Energy Requirement in Programmed Cell Death

In several pathological conditions, the predominant mode of cell death, apoptosis or necrosis, is relevant for the subsequent fate of the tissue. Although these two modes of cell death have been regarded as conceptually and morphologically distinct, more and more evidence is accumulating that apoptosis and necrosis just represent two possible ways for a cell to die. Previous work in our laboratory has shown that the intracellular ATP concentration determines the mode of death after exposure to an, initially apoptosis-specific, stimulus, suggesting that both modes of cell death share common death-initiating signaling elements. However, high ATP levels were required to direct downstream events towards the ordered execution of apoptosis. This study shows that ATP depletion prevents the appearance of typical apoptotic features, such as chromatin condensation, proteolytic degradation of functional and structural proteins, including PARP and fodrin, and the exposure of phosphatidylserine as recognition marker for phagocytes.

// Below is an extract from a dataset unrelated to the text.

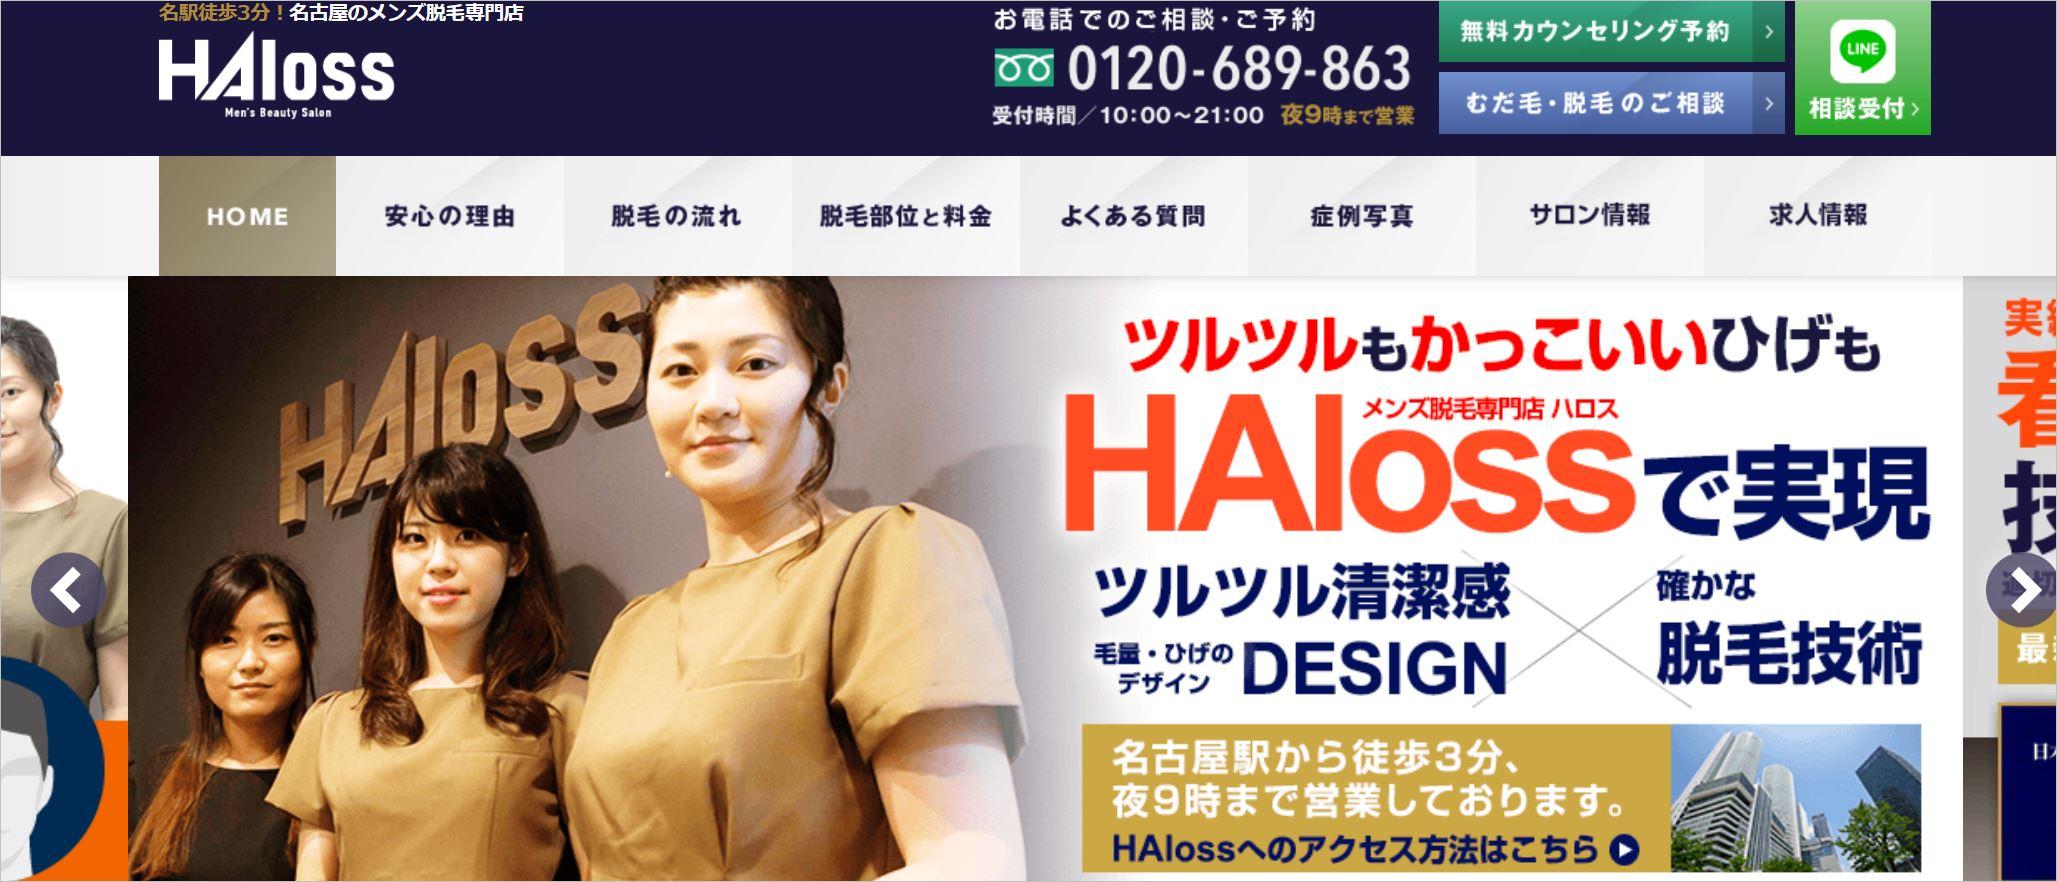 ハロスのトップ画面

Low ATP levels interfered with the apoptotic execution at two central steps: (1) the release of mitochondrial cytochrome c to the cytosol, an event directly leading to caspase activation in apoptosis, was delayed by 1 h, and (2) execution caspases were not activated. In ATP depleted cells, the extent of STS- or anti-CD95-induced cytochrome c translocation to the cytosol was similar to that found in cells with high ATP levels. Nevertheless, caspases were not activated in ATP depleted cells. This suggests that one ATP-dependent step is at the level of the caspase-activating apoptosome-complex between Apaf-1, pro-caspase-9, and cytochrome c. The absence of caspase activity in ATP depleted cells was not due to an early inactivation of the apoptosome components, because caspases in cytosols isolated from such cells could still be activated in a cell-free system. Therefore, the lack of adequate ATP concentrations seems to be directly responsible for the block of the apoptotic execution at this step. However, at least in a cell-free system, dATP promoted the apoptosome activation more efficiently than ATP.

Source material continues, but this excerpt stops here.